Кроме того, возникает вопрос о том, как мы справляемся с потерей. Если некоторые люди вдруг станут жить намного дольше, они увидят, как уходят из жизни многие близкие. Улучшит ли продолжительность жизни ее качество? Только если продление жизни будет доступно всем слоям населения. Но тогда такое долгоживущее население добавило бы еще больше напряжения на фоне ограниченных ресурсов нашей планеты. Больше еды и больше потребности в энергии означает больше посевов и больше загрязнения.
За каждой научной мечтой может быть свой этический кошмар
Лауреат Нобелевской премии генетик Дженнифер Даудна, одна из создателей технологии редактирования генома CRISPR, опубликовала на BigThink впечатляющий видеоролик, который наглядно демонстрирует непростые отношения между наукой и этикой. Технология CRISPR — это настоящая революция в медицине, потому что она позволяет бороться с генетическими заболеваниями непосредственно на уровне гена. Вы редактируете ген примерно так же, как редактируете текст, вырезая нежелательные строки и вставляя нужные. Многие болезни уже вполне излечимы.

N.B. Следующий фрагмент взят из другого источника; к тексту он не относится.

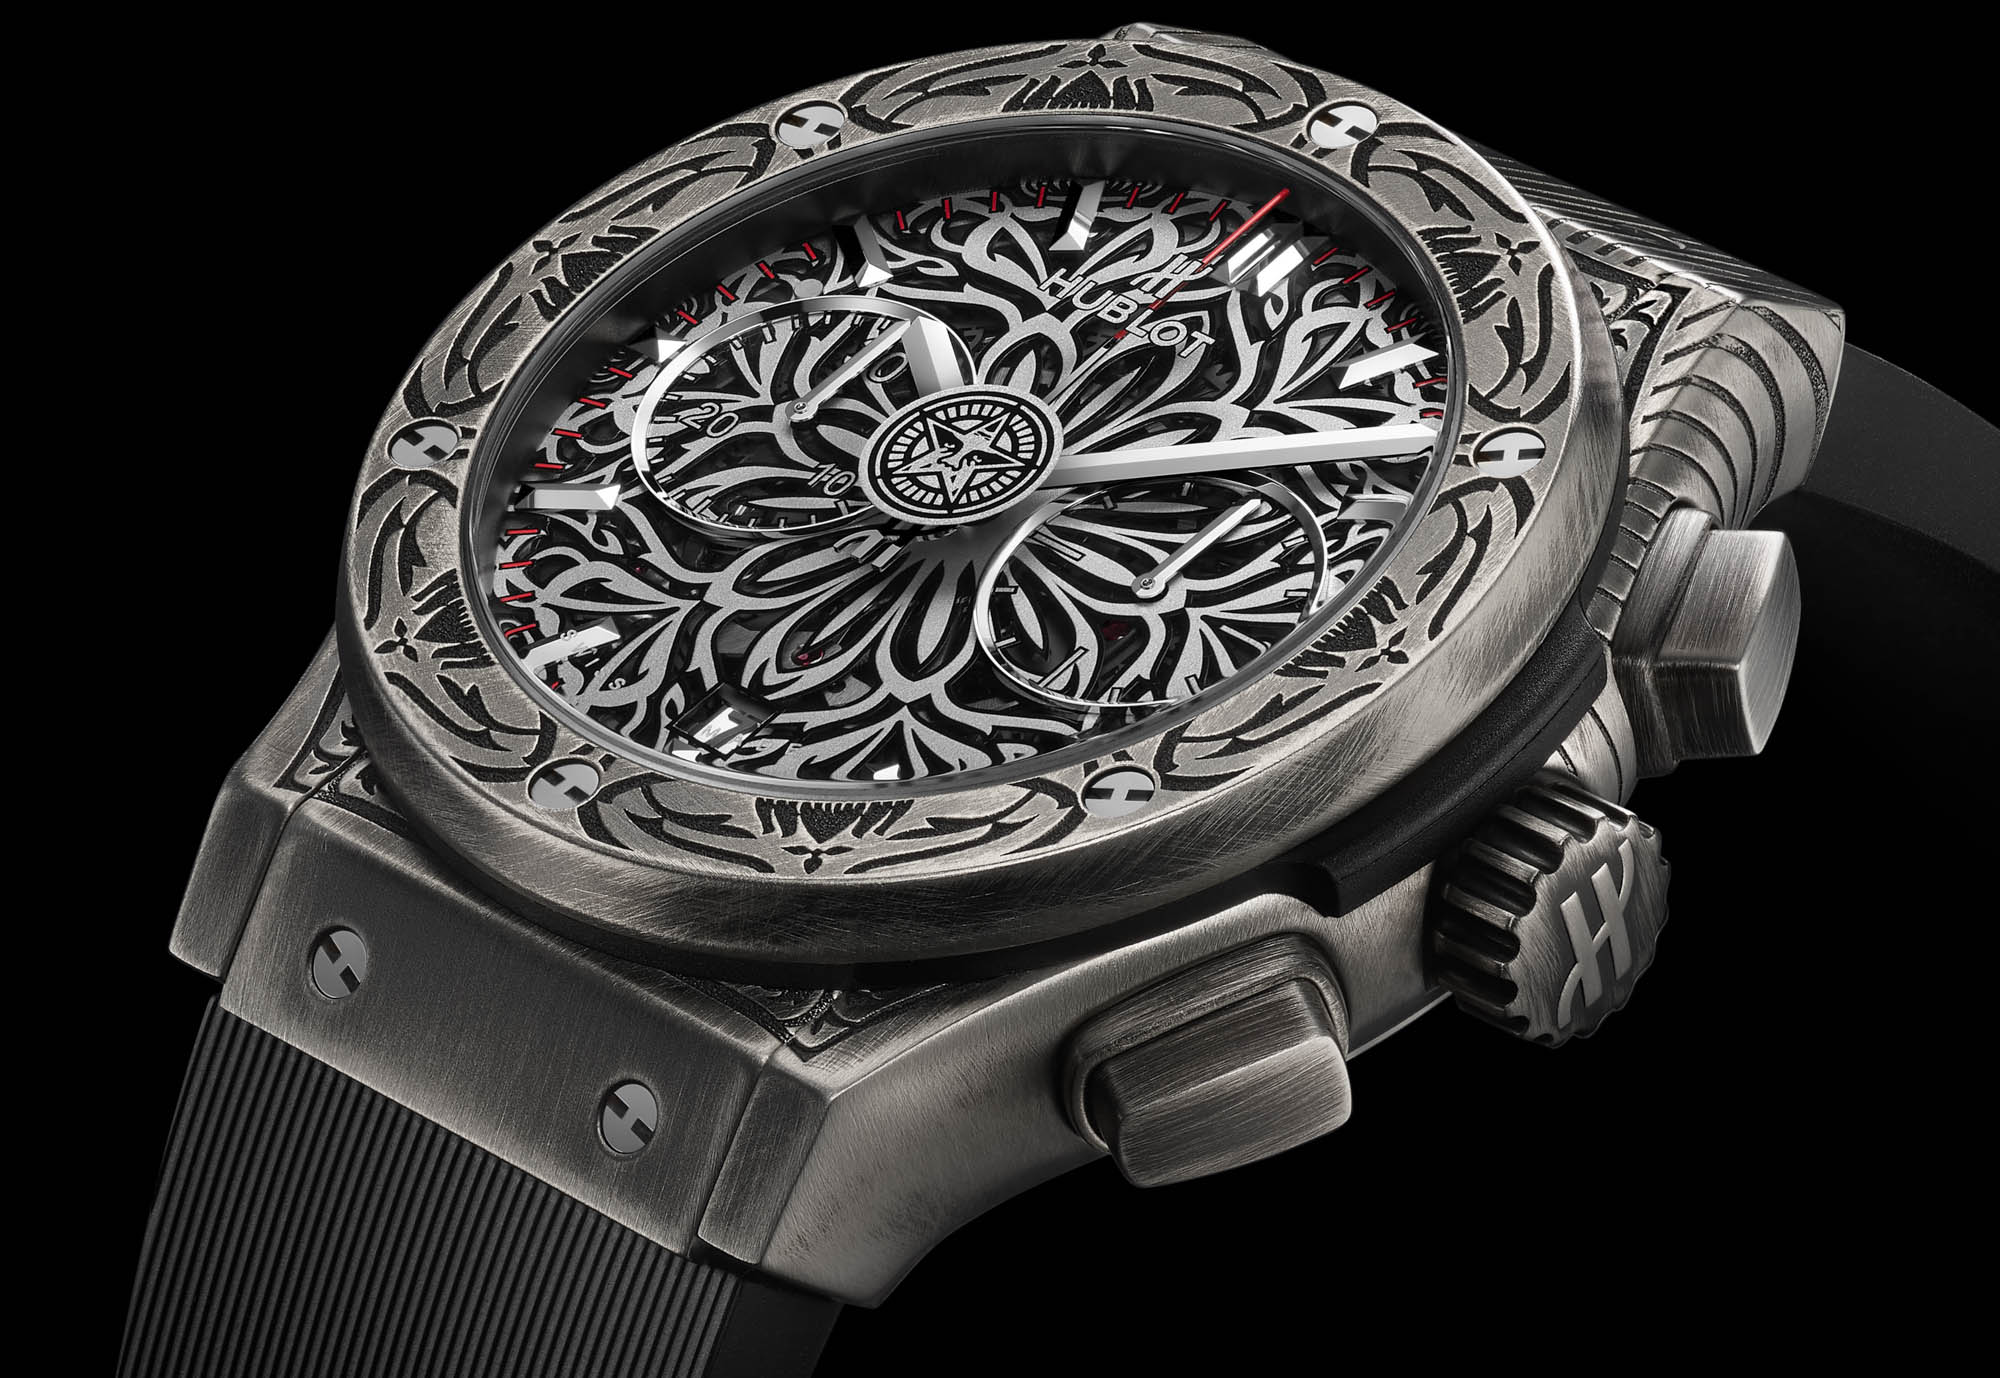 Hublot Classic Fusion Shepard Fairey Limited Edition Watch Engraved Artistic 3

Но у этой технологии есть и темная сторона. CRISPR допускает генетические модификации, которые могут служить разрушительным целям. Например, это может позволить создавать суперсолдат. В видео многие ученые и политические мыслители выражают странное сочетание очарования и тревоги по поводу мощи этой новой технологии. Даудна рассказывает об ужасном кошмаре, в котором она сталкивается с генетически модифицированным Гитлером. Наследие евгеники возвращается, чтобы преследовать ее.
Кто решает, как далеко должен зайти CRISPR?

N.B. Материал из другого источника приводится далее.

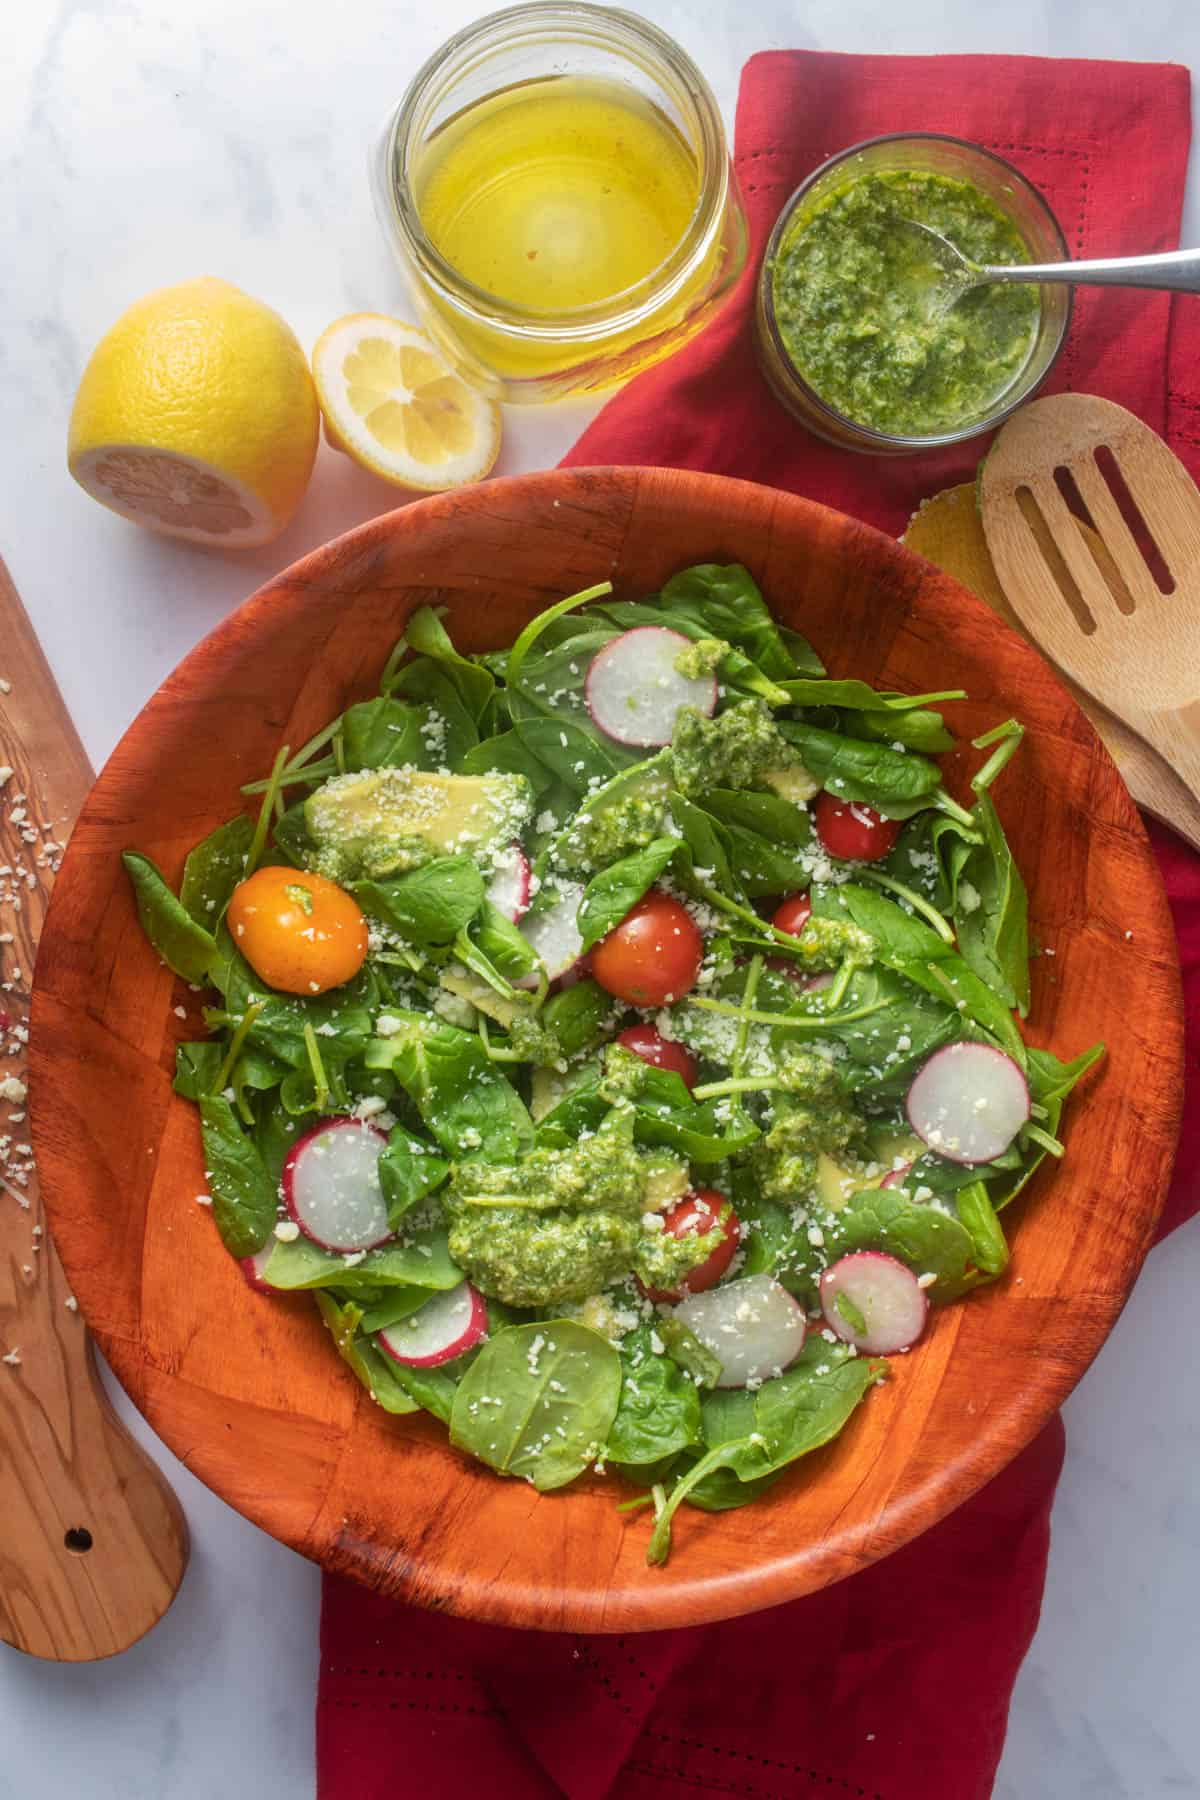 Bowl of spinach avocado salad with lemony vinaigrette on the side

Это лишь два примера очень сложных вопросов, которые встречаются на пересечении научных исследований и этики. Первоначальный импульс: подвергнуть запретам, сделать так, чтобы подобные научные исследования никогда не проводились, чтобы ящик Пандоры оставался закрытым. Но такое отношение в лучшем случае наивно. Разница между генетическими исследованиями и исследованиями, например, ядерного оружия заключается в том, что исследования по разработке бомб и их доставке требуют крупномасштабных объектов, которые легче обнаружить и контролировать. В случае с генетическими исследованиями все радикально меняется, как показано в документальном сериале «Неестественный отбор». Независимо от того, служат ли эти исследования злым или добрым целям, они не привязаны к крупным дорогостоящим лабораториям, финансируемым правительствами. И если одна страна запретит их, другие не станут этого делать, и ученые просто переедут туда. Так уже произошло с исследованиями стволовых клеток несколько лет назад.

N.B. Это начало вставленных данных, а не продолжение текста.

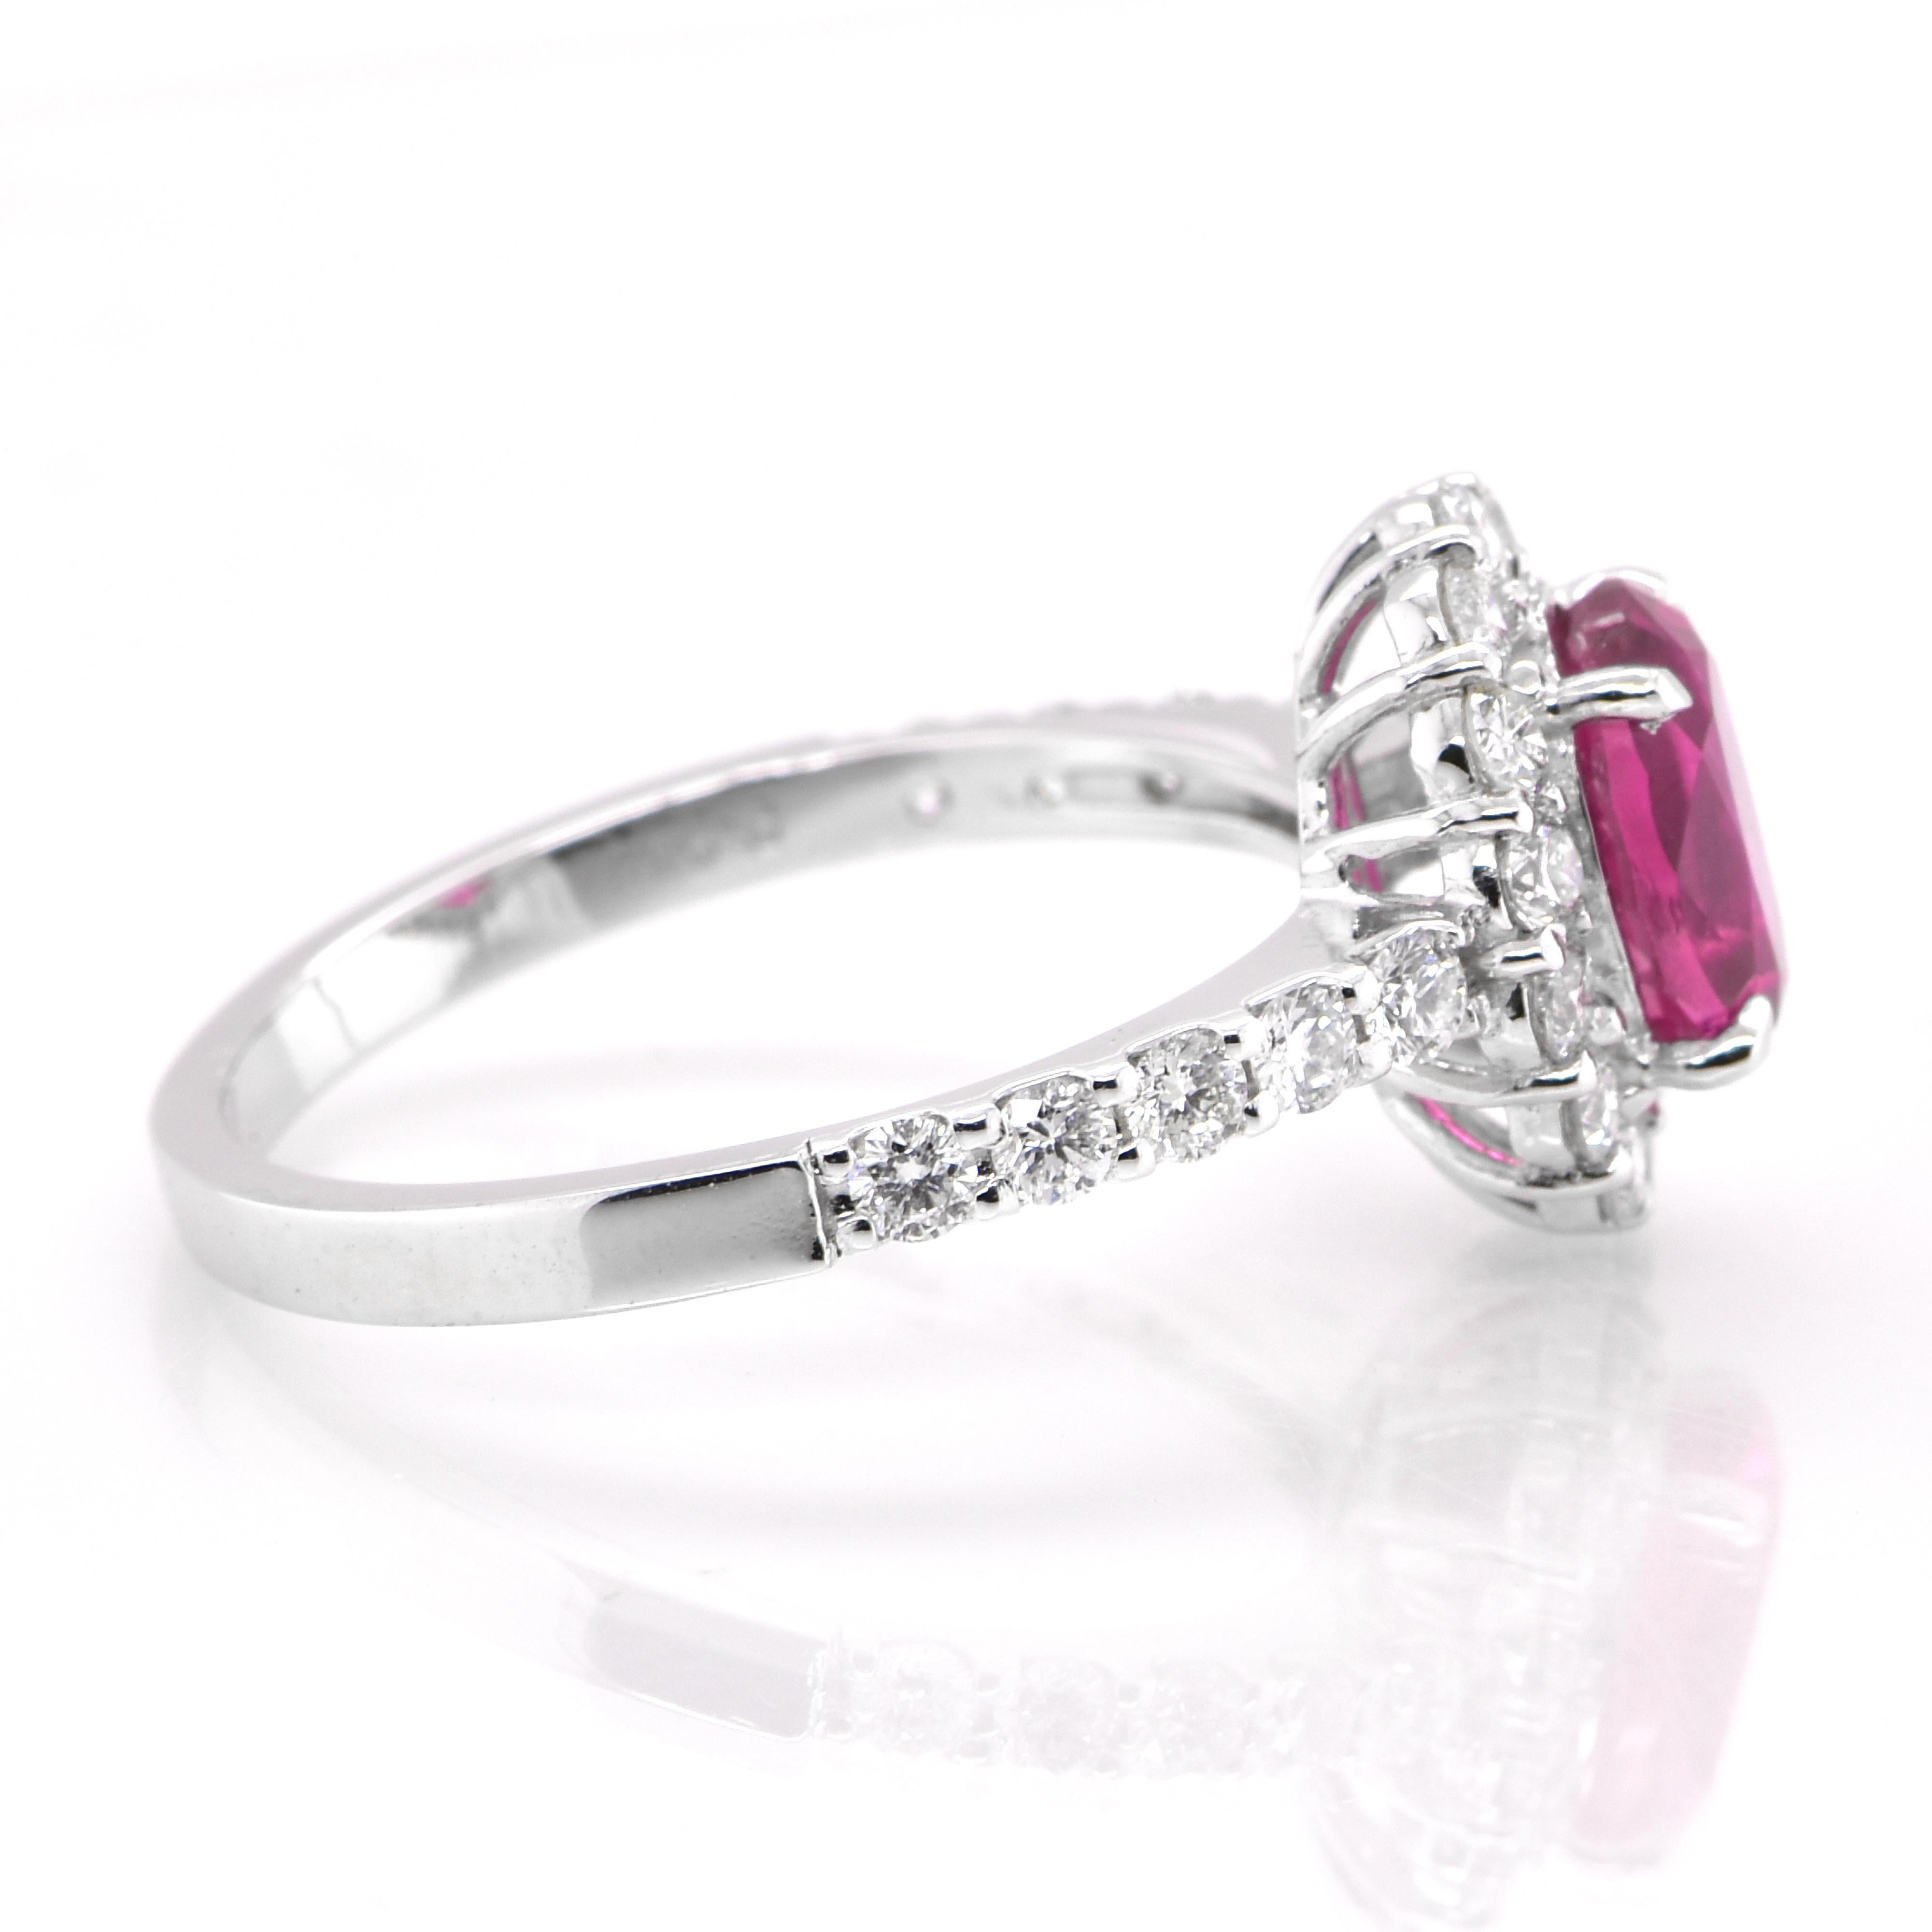 Oval Cut GIA Certified 1.58 Carat, Unheated, Burmese Ruby & Diamond Ring set in Platinum For Sale

Однако мы должны быть осторожны, чтобы не винить в этом науку. Наука не бывает доброй или злой. Это совокупность знаний, медленно накапливаемых годами. Моральный вызов связан с тем, как используются эти знания. Мы, люди, являемся пользователями. Мы те, кто сеет добро или зло своим выбором. Инструменты такой мощи требуют пользователей с высокими моральными стандартами. Я, например, не думаю, что мы им соответствуем.